It's easy to see why this week's novel, The Sorrows of Young Werther, struck its first readers as real. Goethe created a portrait of a tragic young man through the fictional character of Werther's letters that I feel is one of the most complete portraits of an afflicted, sensitive person I've ever observed. Burton Pike's introduction in The Modern Library's edition of the book suggests that Werther's character may have had an autobiographical element to it. As I read the novel I debated whether the author's hand was rendering a scathing self-portrait of himself at times, or providing a precise, internal study of the emotional world of someone he understood very well. Is this impossible, impractical, unfortunate, dazzlingly true and deluded creature, someone who the writer once knew? Or someone who the writer once was? Either way, the picture he to presents us, strikes our senses as vibrantly--and painfully-- authentic. Like great art, it is has the potential to cut and cure.
I'm fascinated by Goethe's surgical precision when it comes to capturing the intricate hopes and despairs of a classic goner. The way Goethe constructs this slim book by cutting and pasting things out of the fabric of remembered experience, for instance: What Goethe pastes together is just as interesting and important as what he cuts out. As Pike mentions in the intro, we get only Werther's letters, not his friend's responses, not Lotte's journals. Information is limited and truncated when it comes to the world beyond Werther's impractical senses, so that we often only receive the first letters of names of places and people. We are given a complete portrait of Werther, but only belated, conjectured glimpses into the minds of the other characters (at the novel's conclusion by the so-called 'editor'). Of Werther, we are privileged—or burdened-- with a cascade of his inner-most thoughts and perceptions-- through his eyes, we get only people's exteriors. Though this is common in first-person narratives, I feel like it illustrates the very nature of Werther's, and mankind's dilemma. How much do we ever really know each other?
As a reader, I feel like I'm not sure if I really know or understand Lotte, the object of Werther's all-consuming love, and even Werther admits himself that he can't draw an accurate picture of her face. Instead, the only image he can make of her on paper is by cutting “out her silhouette instead.” (p45). The New Oxford American dictionary offers a definition of the word silhouette that corresponds with a theme that I feel encompasses Werther's experience-- “the dark shape and outline of someone or something visible against a lighter background. . .”
Nothing perhaps reflects this definition and illuminates Werther's—and mankind's-- predicament than his own words, “. . we are so made that we compare everything with ourselves and ourselves with everything. . .everything outside ourselves seems more glorious, every other person more perfect” (p.71).

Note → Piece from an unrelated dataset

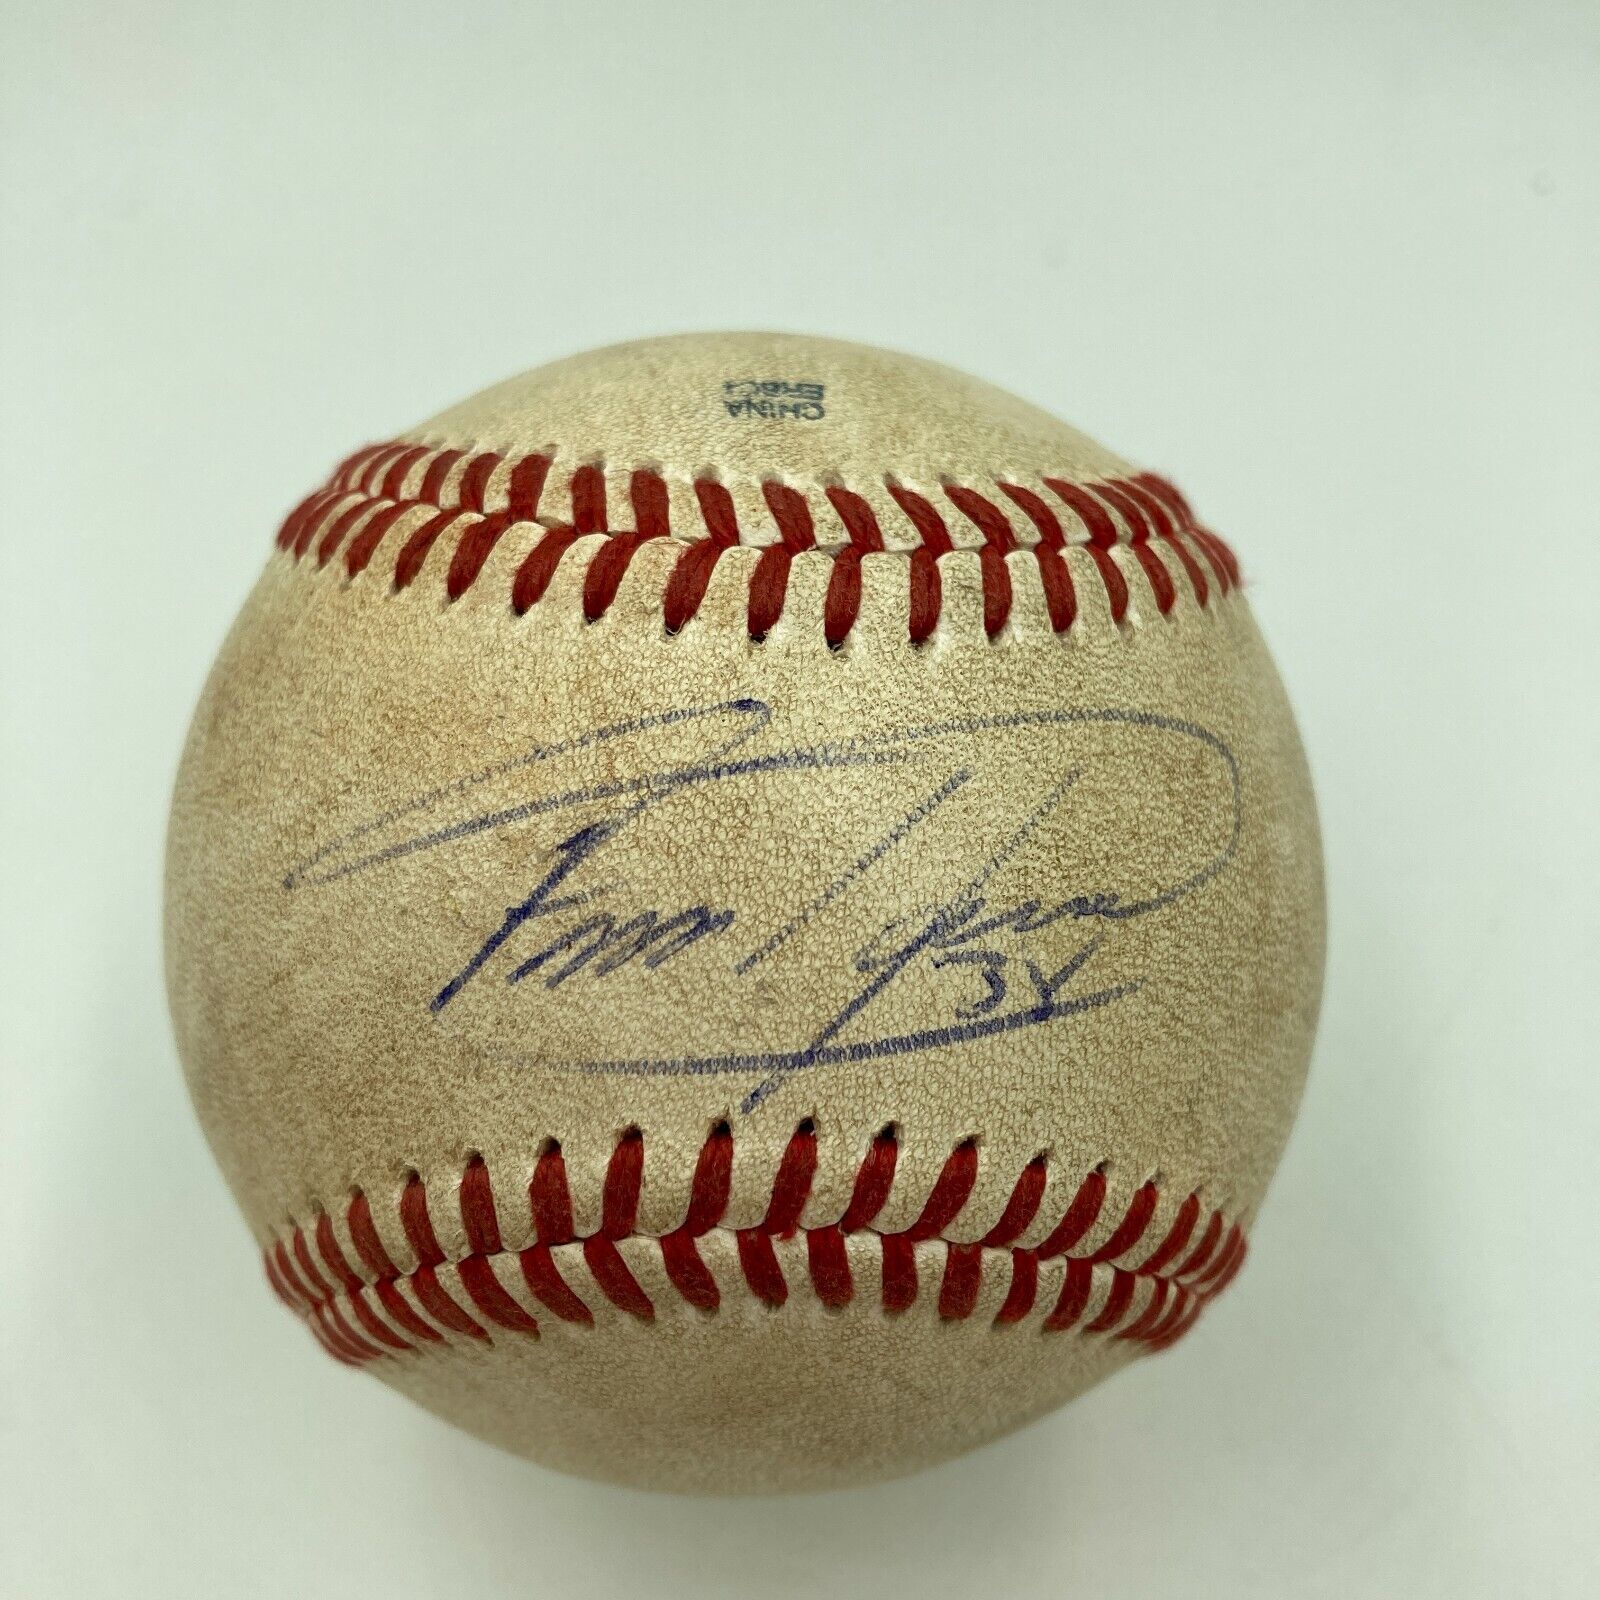 Felix Hernandez Signed Autographed 2009 All Star Game Baseball JSA
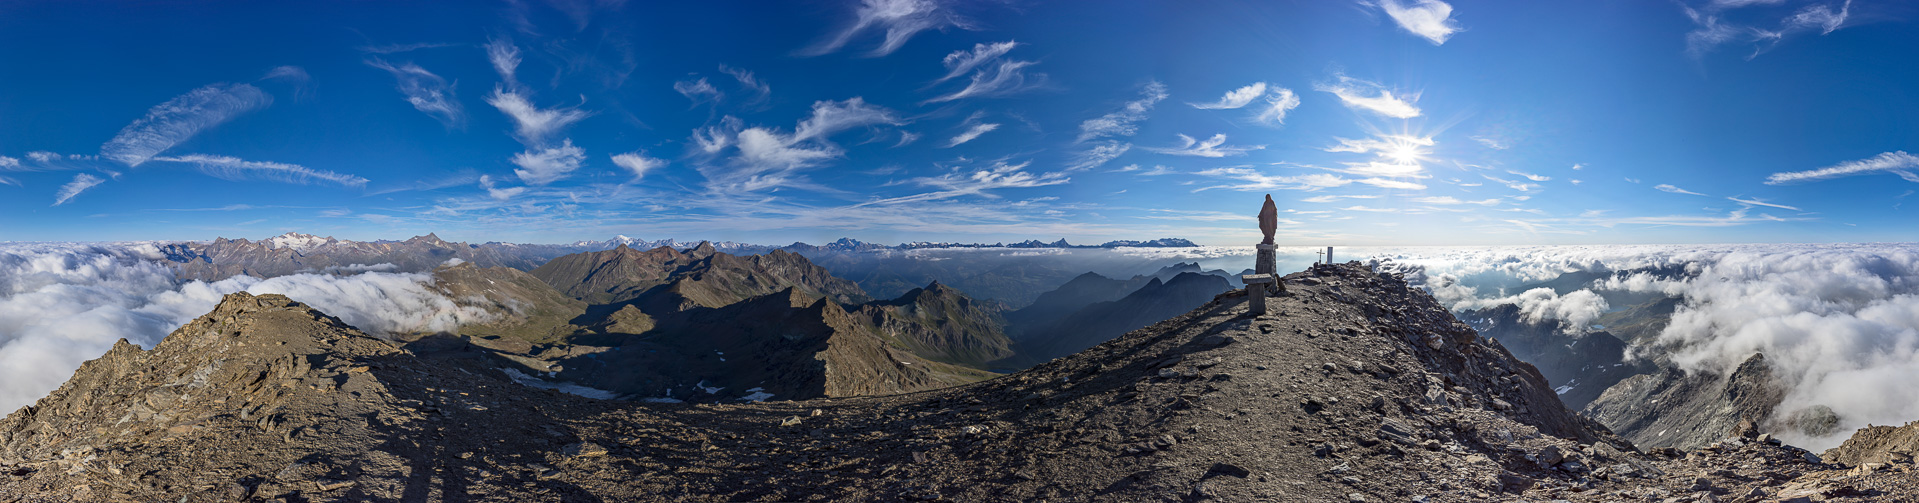 Unglaublich schönes Gipfelpanorama an einem entlegenen Eck der Paradiso-Gruppe.

At the end of his life, when Werther plans his suicide and settles his affairs, he requests that the silhouette he created of Lotte be returned to her so she can be pleased with his work. But in the end, the silhouette he has left behind is the one created by his own self-negating actions, his own absence. In this sense, the motif of the silhouette provides an apt metaphor for loss. Werther has chosen to cut himself out of the fabric of life. And no one is pleased with his work.
Goethe did an excellent job of showing the dangers of going to far into romanticism and idealism. Despite his flaws I think that Wether is still a complex and confusing character. He seems to know what he wants to want, but his actions are way too easily influenced by too many things. You're right in saying that no one is really ever pleased by Wether and I think it's because Werther never really knew himself as much as he though he did.